Dear Community,
What is the best way to identify problematic license that is calculating a huge overspend value. What is your best practice to make good use of this feature?
Appreciate your support.
Victor
Feb 27, 2020 02:39 PM
@Victor_MacBeath , I believe the suggestion from @mfranz is valid.
On the product side, I can tell you that we are currently undertaking a project to revamp our FNMS Analytics capabilities. We are working with a number of customer stakeholders to define dashboards, reports and visualizations to deliver out of the box value to customers. Whether you are using our Cloud or on premises version, you will be able to take advantage of these visualizations. We expect to start delivering these visualizations incrementally over the next few months.
Feb 28, 2020 11:03 AM
Hi Victor,
I think the existing report is sufficient to identify problematic licenses, especially as the treshold can be changed. To make good use this information, I would recommend categorizing the use cases for these licenses. And this is not a technical process, but an organizational. What could be the reason for the overspend?
From there, depending on the category, you might want to take appropriate actions.
As always, scope is important. So it might make sense prioritizing the licenses not by the amount of unused entitlements, but by the potential financial impact. A custom report could help with that (or exporting to Excel and multiplying "Shortfall/Availability" with "Override unit price").
Best regards,
Markward
Feb 28, 2020 02:51 AM
@Victor_MacBeath , I believe the suggestion from @mfranz is valid.

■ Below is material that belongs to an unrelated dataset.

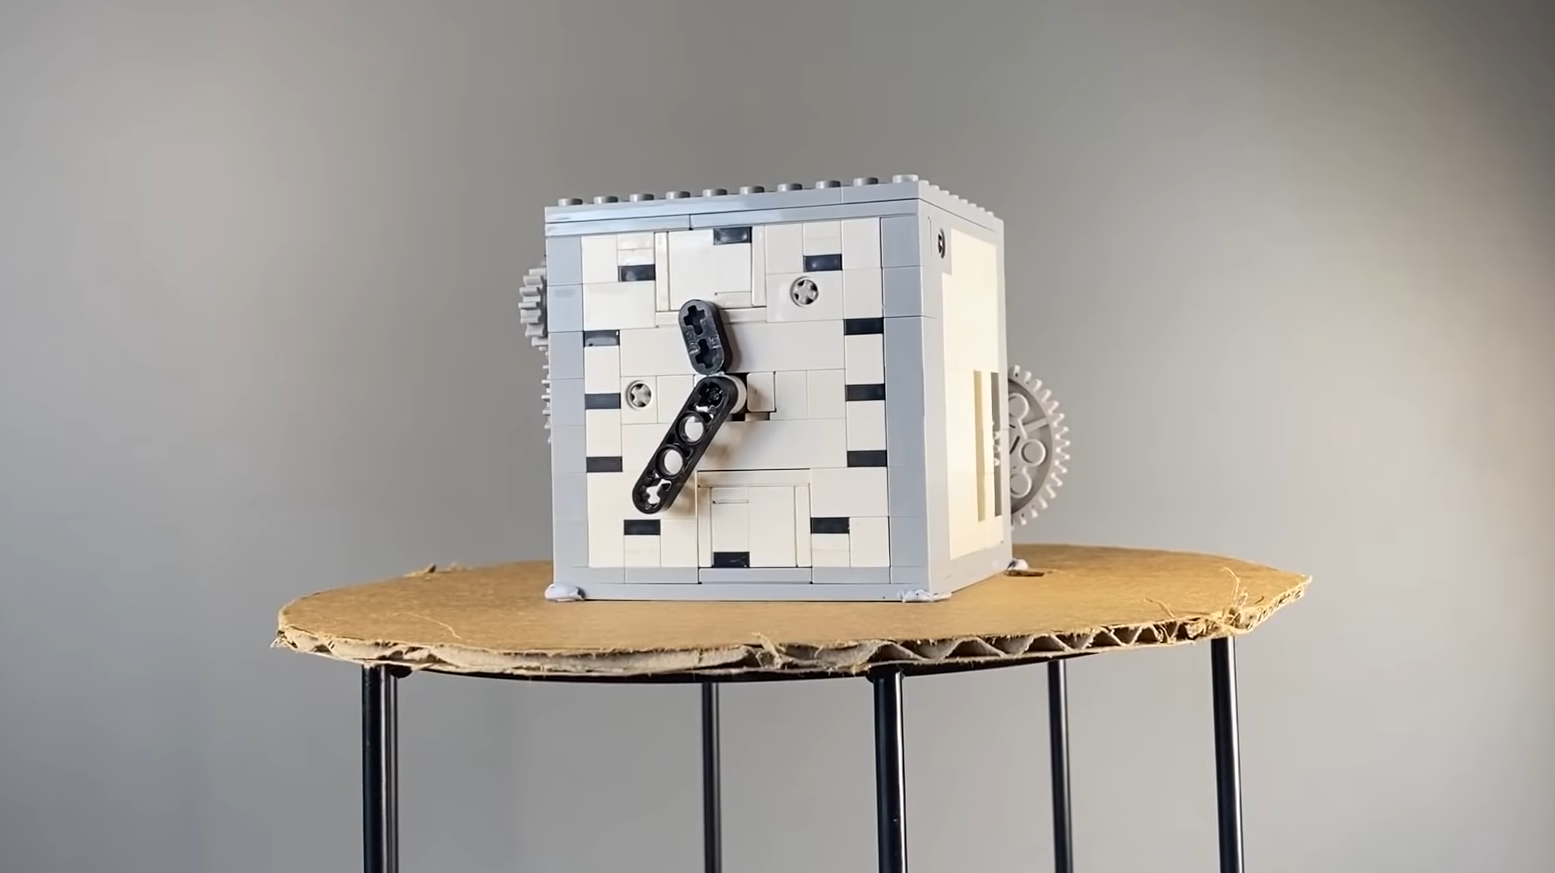 Building Pendulum Clock Of Lego |

On the product side, I can tell you that we are currently undertaking a project to revamp our FNMS Analytics capabilities. We are working with a number of customer stakeholders to define dashboards, reports and visualizations to deliver out of the box value to customers. Whether you are using our Cloud or on premises version, you will be able to take advantage of these visualizations. We expect to start delivering these visualizations incrementally over the next few months.